Therapeutic potential of clinical-grade human induced pluripotent stem cell-derived cardiac tissuesCentral MessagePerspective
Hiroaki Osada, MD, PhD,
Masahide Kawatou, MD, PhD,
Daiki Fujita, MS,
Yasuhiko Tabata, PhD, DMedSci, DPharm,
Kenji Minatoya, MD, PhD,
Jun K. Yamashita, MD, PhD,
Hidetoshi Masumoto, MD, PhD
Affiliations
Hiroaki Osada, MD, PhD
Department of Cardiovascular Surgery, Graduate School of Medicine, Kyoto University, Kyoto, Japan; Department of Cell Growth and Differentiation, Center for iPS Cell Research and Application, Kyoto University, Kyoto, Japan
Masahide Kawatou, MD, PhD
Department of Cardiovascular Surgery, Graduate School of Medicine, Kyoto University, Kyoto, Japan; Department of Cell Growth and Differentiation, Center for iPS Cell Research and Application, Kyoto University, Kyoto, Japan
Daiki Fujita, MS
iHeart Japan Corporation, Kyoto, Japan
Yasuhiko Tabata, PhD, DMedSci, DPharm
Department of Biomaterials, Institute for Frontier Life and Medical Sciences, Kyoto University, Kyoto, Japan
Kenji Minatoya, MD, PhD
Department of Cardiovascular Surgery, Graduate School of Medicine, Kyoto University, Kyoto, Japan
Jun K. Yamashita, MD, PhD
Department of Cell Growth and Differentiation, Center for iPS Cell Research and Application, Kyoto University, Kyoto, Japan; Jun K. Yamashita, MD, PhD, Department of Cell Growth and Differentiation, Center for iPS Cell Research and Application, Kyoto University, 53 Shogoin-Kawaharacho, Sakyo-ku, Kyoto 606-8507, Japan.

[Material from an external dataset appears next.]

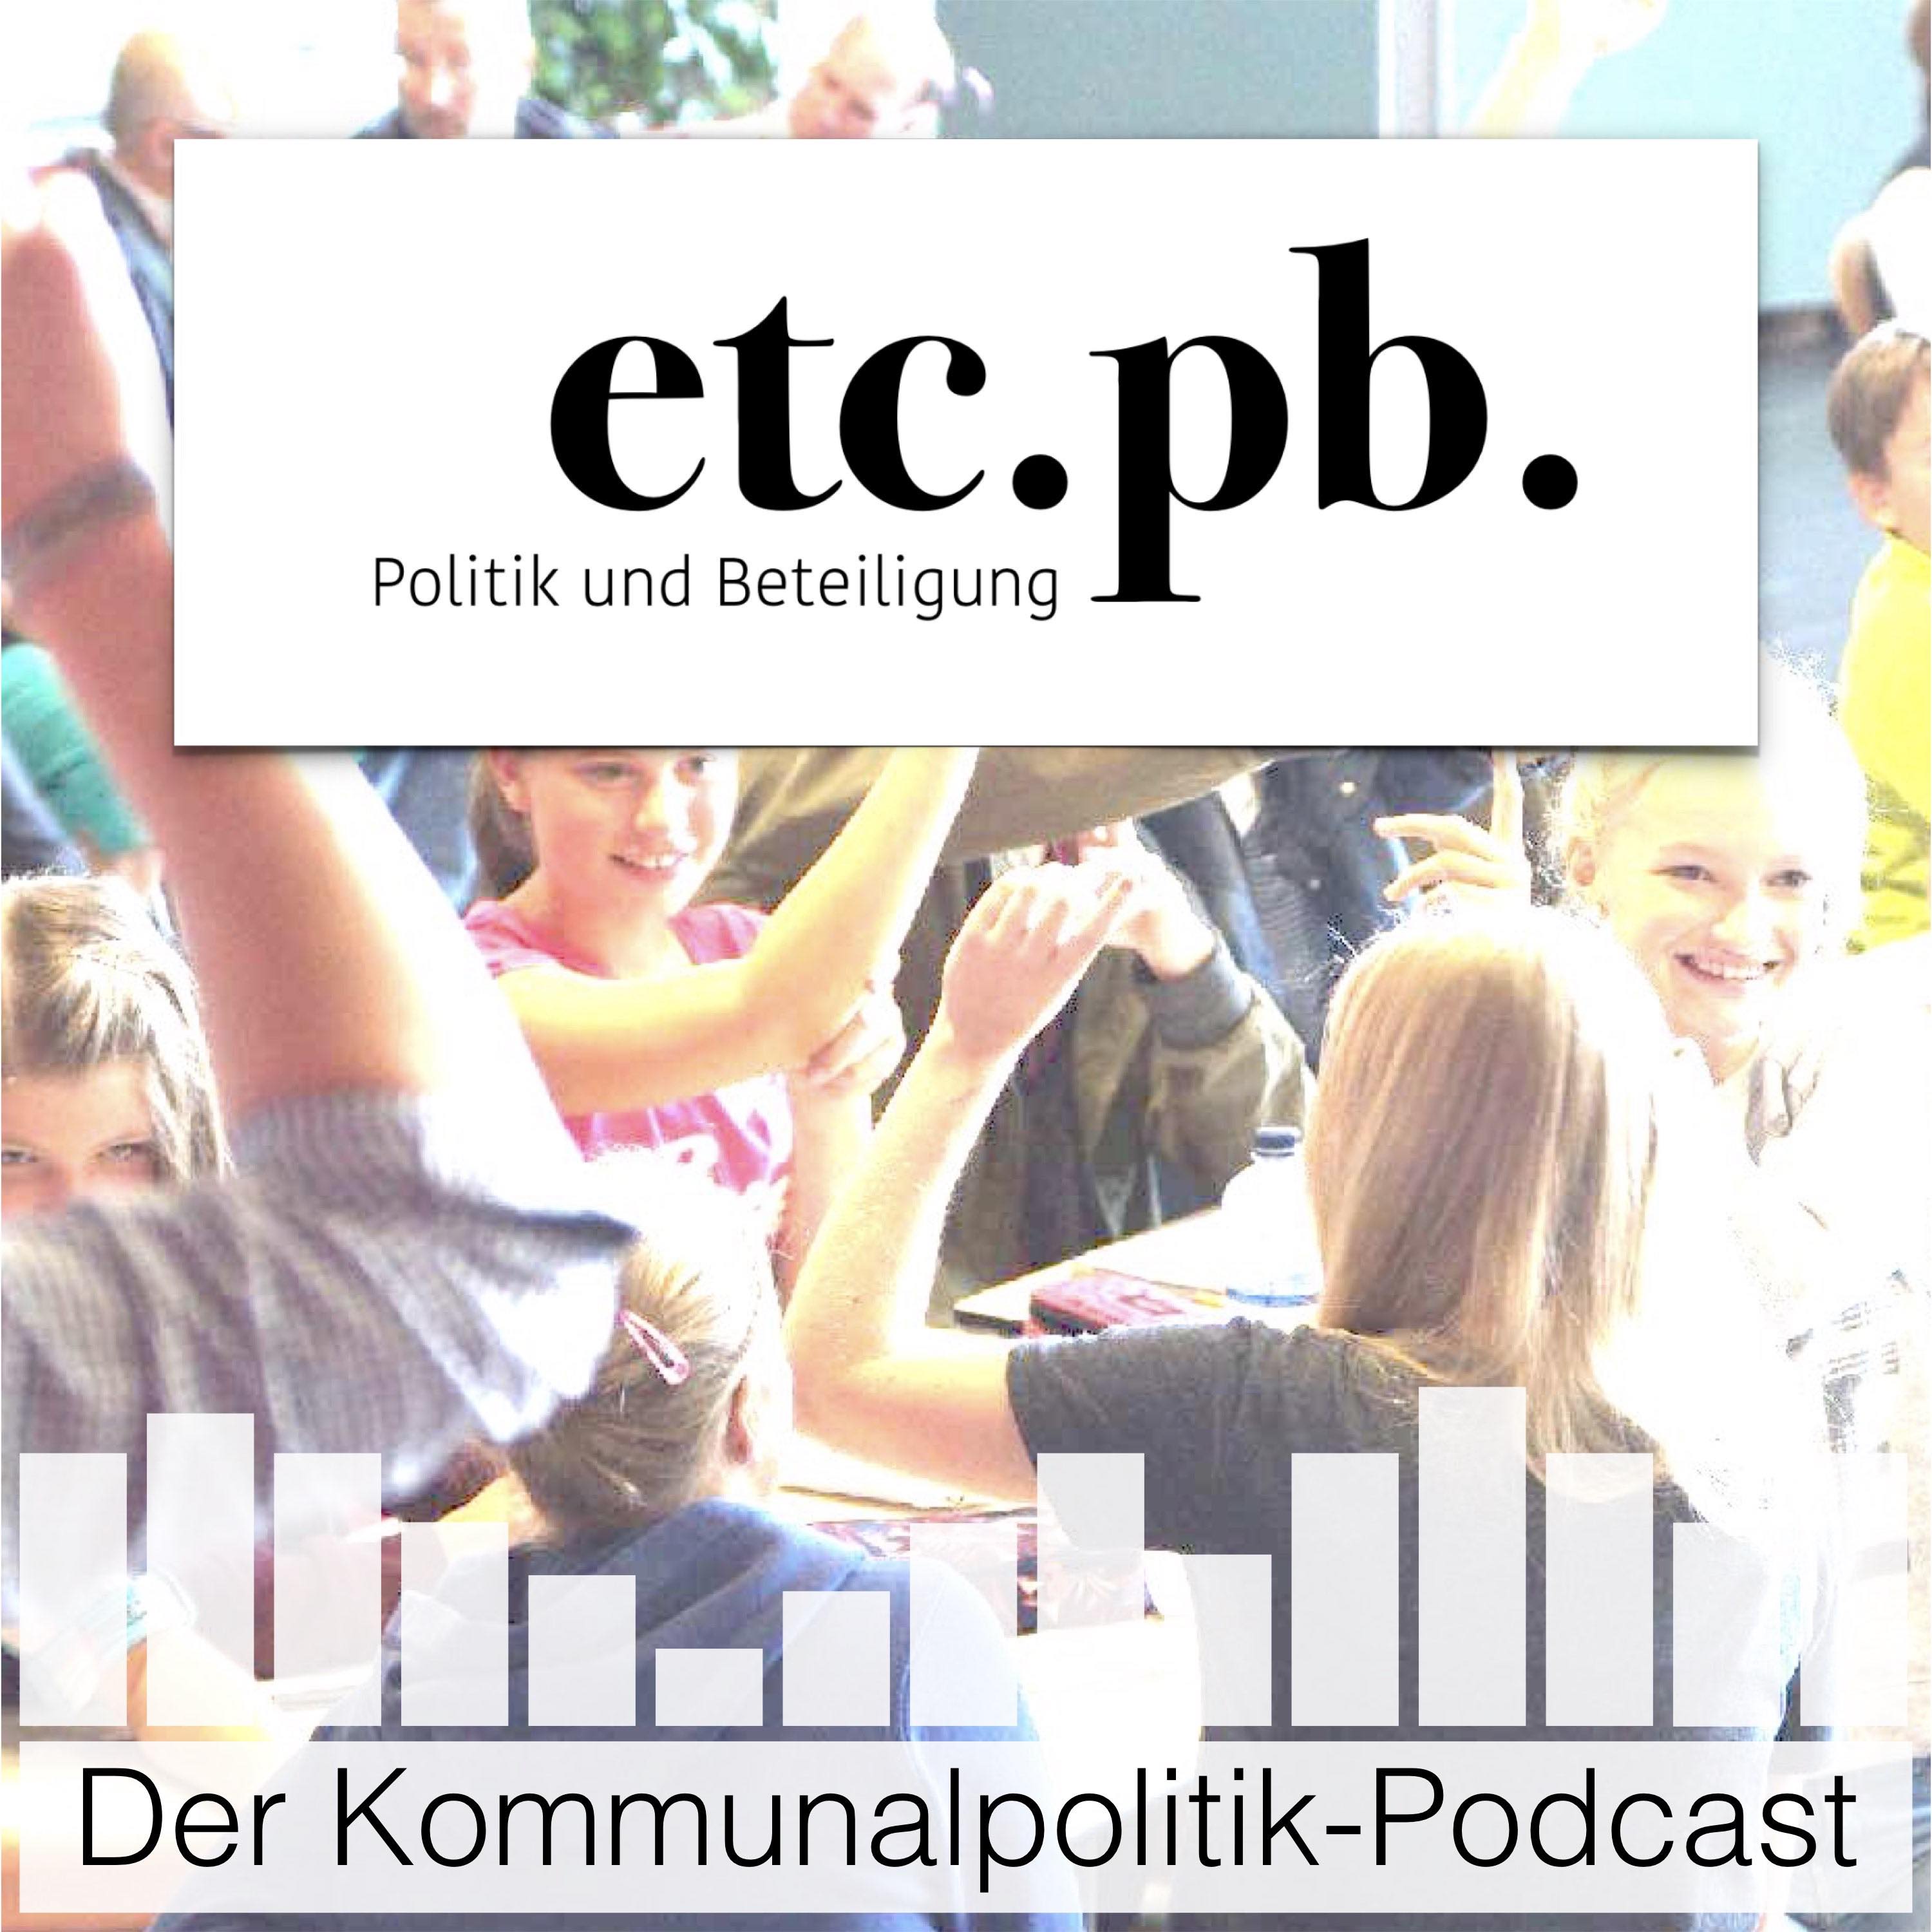 etcpb – Der Kommunalpolitik-Podcast über Politik und Beteiligung

Hidetoshi Masumoto, MD, PhD
Department of Cardiovascular Surgery, Graduate School of Medicine, Kyoto University, Kyoto, Japan; Clinical Translational Research Program, RIKEN Center for Biosystems Dynamics Research, Kobe, Japan; Address for reprints: Hidetoshi Masumoto, MD, PhD, Department of Cardiovascular Surgery, Graduate School of Medicine, Kyoto University, 54 Shogoin-Kawaharacho, Sakyo-ku, Kyoto 606-8507, Japan.

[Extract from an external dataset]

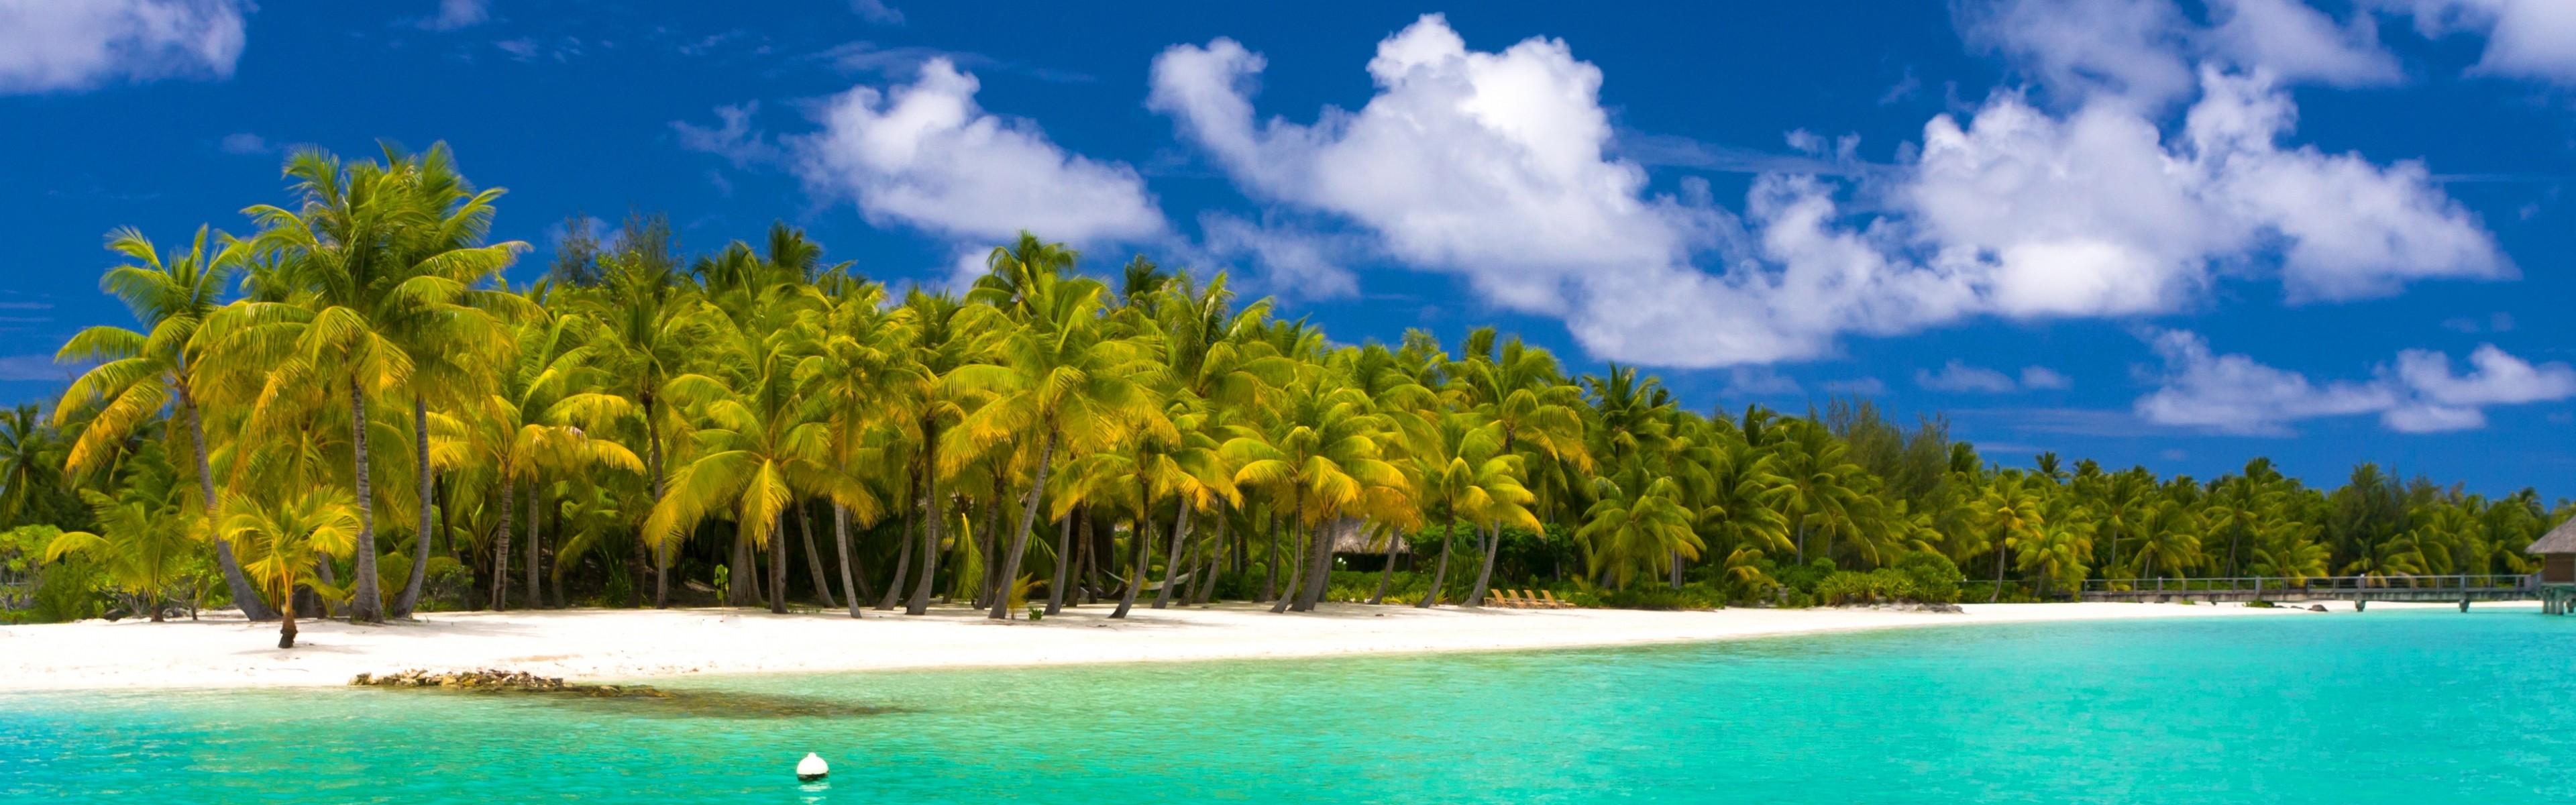 3840x1200 Preview wallpaper summer, maldives, tropical, beach, palm trees

Objectives: To establish a protocol to prepare and transplant clinical-grade human induced pluripotent stem cell (hiPSC)-derived cardiac tissues (HiCTs) and to evaluate the therapeutic potential in an animal myocardial infarction (MI) model. Methods: We simultaneously differentiated clinical-grade hiPSCs into cardiovascular cell lineages with or without the administration of canonical Wnt inhibitors, generated 5- layer cell sheets with insertion of gelatin hydrogel microspheres (GHMs) (HiCTs), and transplanted them onto an athymic rat MI model. Cardiac function was evaluated by echocardiography and cardiac magnetic resonance imaging and compared with that in animals with sham and transplantation of 5-layer cell sheets without GHMs. Graft survival, ventricular remodeling, and neovascularization were evaluated histopathologically. Results: The administration of Wnt inhibitors significantly promoted cardiomyocyte (CM) (P < .0001) and vascular endothelial cell (EC) (P = .006) induction, which resulted in cellular components of 52.0 ± 6.1% CMs and 9.9 ± 3.0% ECs. Functional analyses revealed the significantly lowest left ventricular end-diastolic volume and highest ejection fraction in the HiCT group. Histopathologic evaluation revealed that the HiCT group had a significantly larger median engrafted area (4 weeks, GHM(-) vs HiCT: 0.4 [range, 0.2-0.7] mm2 vs 2.2 [range, 1.8-3.1] mm2; P = .005; 12 weeks, 0 [range, 0-0.2] mm2 vs 1.9 [range, 0.1-3.2] mm2; P = .026), accompanied by the smallest scar area and highest vascular density at the MI border zone. Conclusions: Transplantation of HiCTs generated from clinical-grade hiPSCs exhibited a prominent therapeutic potential in a rat MI model and may provide a promising therapeutic strategy in cardiac regenerative medicine.